在个人层面上,前欧洲流亡者们通过他们在战时伦敦的经历和在那里结交的朋友,扩展了自己的视野,更深切地感受到了自己是一个更大的世界的一部分。执行了1943年挪威水电厂爆炸任务的挪威突击队队长约阿希姆·朗内伯格(J)在战后多年说道:“英国让我觉得自己好像有两个家园。当我在英国驻扎的时候,我们谈到了回国执行任务。但是在挪威时,我们又会谈到回英国后放松一下或是去执行一项新的任务。”
而许多英国人则努力保持他们与欧洲人之间在战时建立起来的紧密关系,因为那些欧洲人曾经是他们战时生活中不可分割的一部分。这些英国人中包括特别行动处的弗朗西斯·卡马斯,他与那些在“D日行动”之前或之后的危险时期曾经庇护过他,并且照顾他的法国公民们保持着密切的联系。他说,他和他们分享着一种“既不是体肤直接的,也不是纯粹精神的爱。那是永恒的,没有任何力量可以把它拿走”。
卡马斯晚年和他的妻子住在法国东南部杜萝米山谷的一个小村庄里,当年他曾在那里花了很多时间组织对德国人的抵抗运动。他可以从他的屋子里看到远处的韦科尔高原,他的许多马奎斯游击队员在1944年反抗德国人的起义中,在那里英勇献身了。
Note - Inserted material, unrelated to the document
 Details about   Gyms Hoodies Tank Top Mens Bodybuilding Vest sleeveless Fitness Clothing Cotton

为了纪念他们与曾经共同战斗过的欧洲人之间的战时“纽带”,一些英国的军事和社会团体组织了年度聚会,有一些聚会一直持续到今天。其中有由英国空军部组织并资助的英国皇家空军逃亡协会,他们要向成千上万帮助营救被击落的盟军飞行员的欧洲人表示敬意。协会向被德国人杀害的逃生路线成员的家属提供财务援助,向需要医护治疗的逃生路线成员提供财务援助,也为皇家空军飞行员与当年曾救助过他们的人之间的团聚提供赞助。
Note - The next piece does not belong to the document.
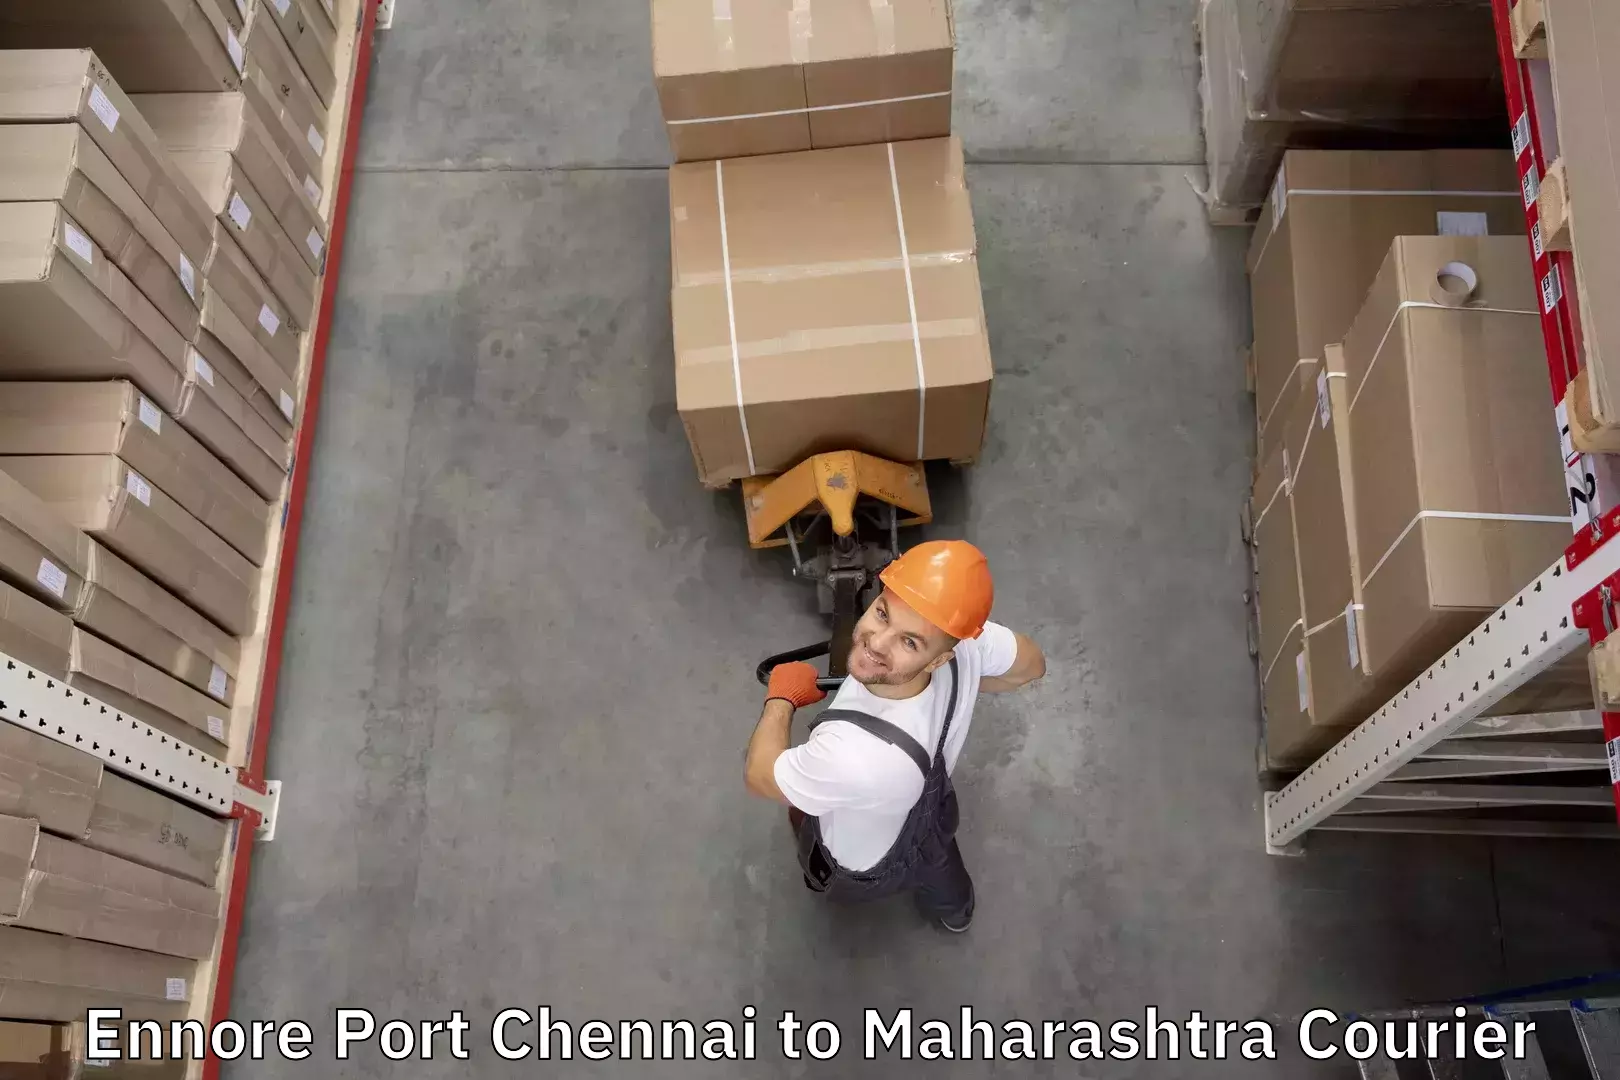 Comprehensive baggage service Ennore Port Chennai to Mul

在年复一年的团聚活动中,出席人数最多的一次是庆祝安德烈·德·容“彗星路线”工作的聚会。德·容被她和她的路线所拯救的几百名英国人和美国人视为瑰宝。她在战后获得了英美两国最高荣誉的平民奖章——美国的自由勋章和英国的乔治勋章。她余生中的大部分时间都是在非洲的麻风病医院当护士。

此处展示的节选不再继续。